Ty was also rather sexy, which made him great for TV, and honestly he was a legitimately good carpenter, which gave him credibility. He became so popular that Extreme Makeover: Home Edition tapped him to host their prime time show, so he left Trading Spaces and was replaced by Carter Oosterhouse, who never stopped smiling and had bigger muscles and his hair seemed to magically repel sawdust. Even in home design, sex sells.
The rotating cast of American designers were a mixed bag of personalities and design aesthetics. The audience consensus was that everyone loved Vern Yip, a delightful (and openly gay) gentleman with impeccable taste. He delivered gorgeous contemporary aesthetic, perhaps with a vintage chandelier he got from some guy he hooked up with years ago and was calling in a personal favor “on sale” at a local antiques store, even though that chandelier was obviously worth more than the $1,000 budget he was supposed to use for the entire room.
Frank Bielec, a jovial, pudgy older gentleman, was almost guaranteed to turn your kitchen into a French country café replete with roosters on every wall, which housewives in Middle America simply adored.

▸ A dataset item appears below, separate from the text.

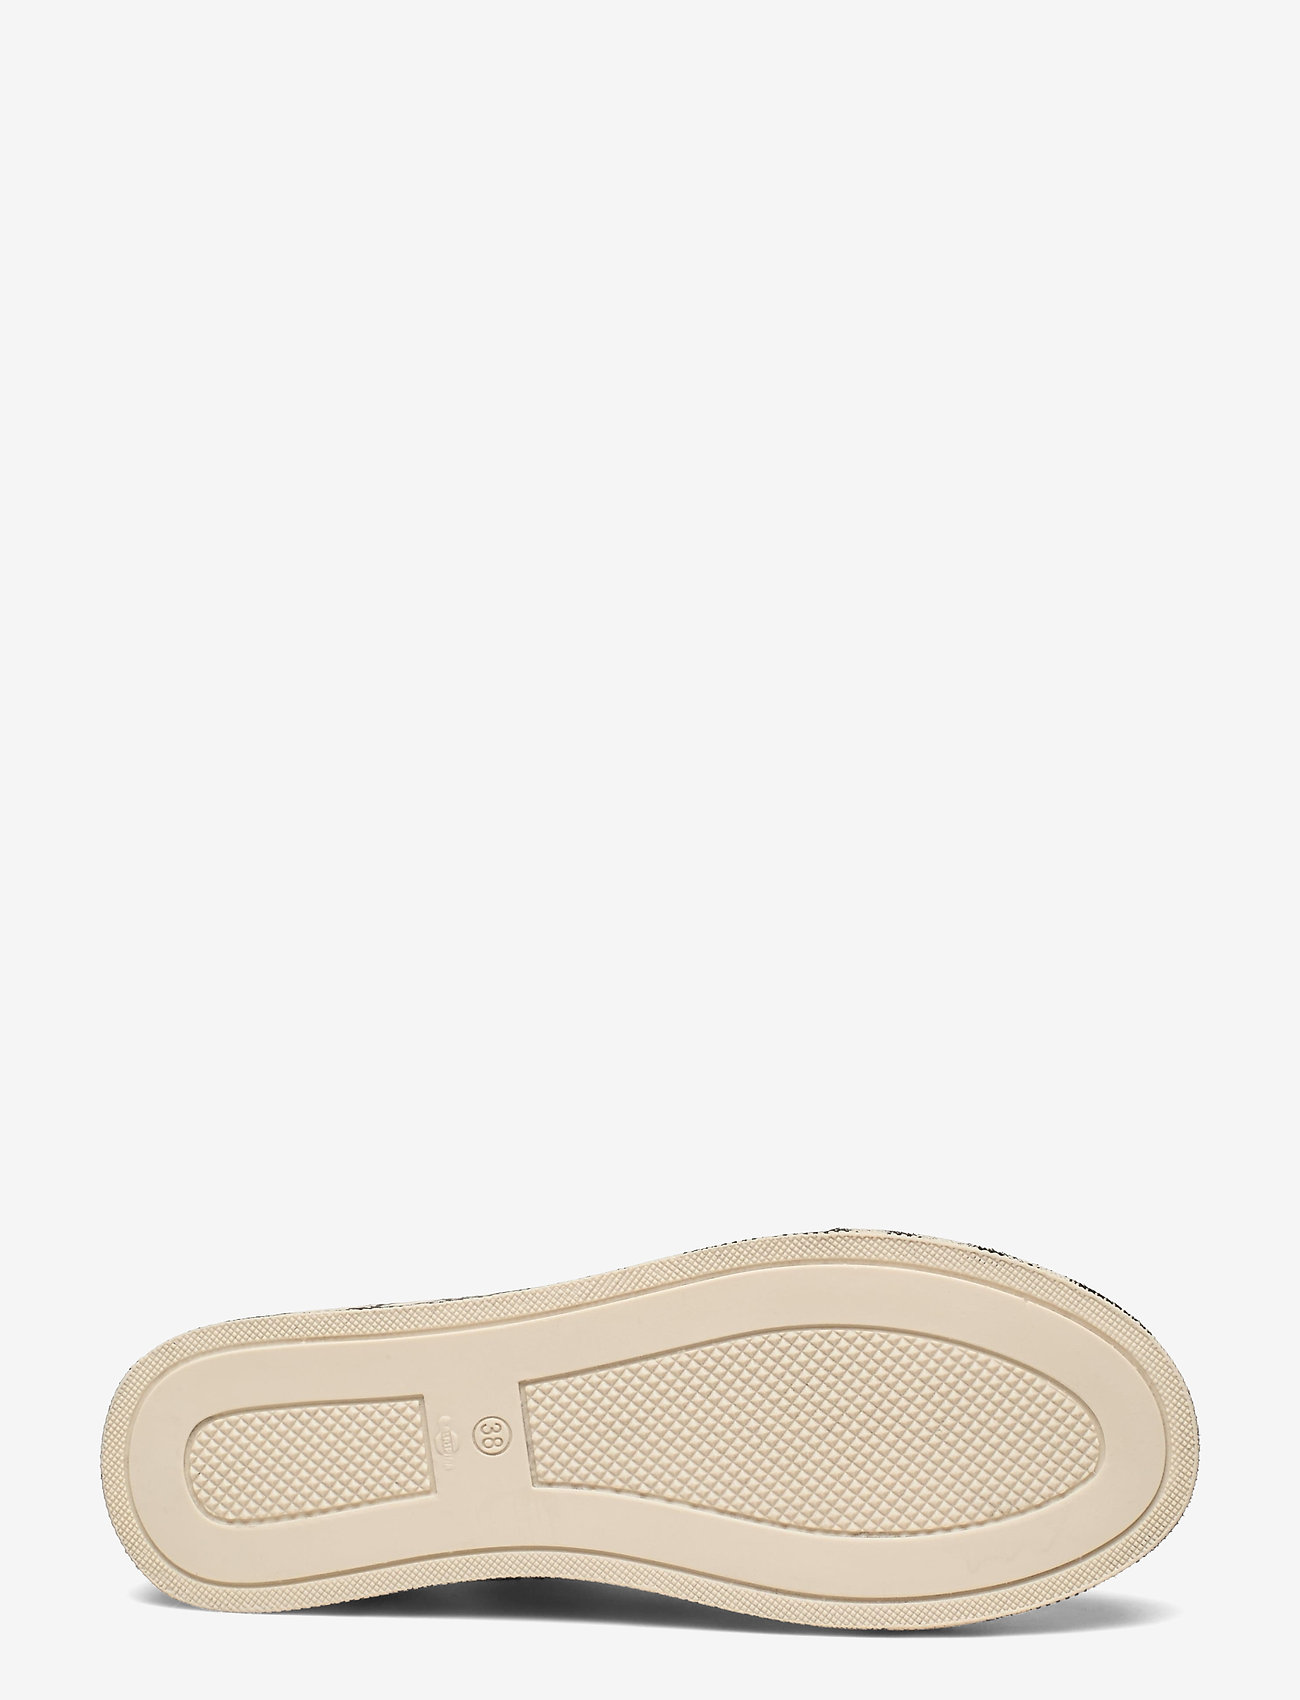 STINE GOYA - Eneko, 1192 Cotton Canvas Sneakers - lave sneakers - opium negative - 4

Genevieve Gorder was a bit of a wild card, as she usually delivered designs that were modern and comfortable, but sometimes she would decide to build you an indoor oasis with clumps of moss stapled to your wall, and, yes, you had to spray that moss every day with a water bottle if you didn’t want it to die. Remember, this was not in a garden; it was inside the house.
Then there was Hildi.
No interior designer in the history of America has stricken fear into the hearts of homeowners like Hildi Santo Tomas. She was the polar opposite of Vern: where Vern seemed prophetic in his ability to give the homeowners what they would love, Hildi seemed to design only what she would love. That includes the mural she painted in a kitchen, which depicted her own face.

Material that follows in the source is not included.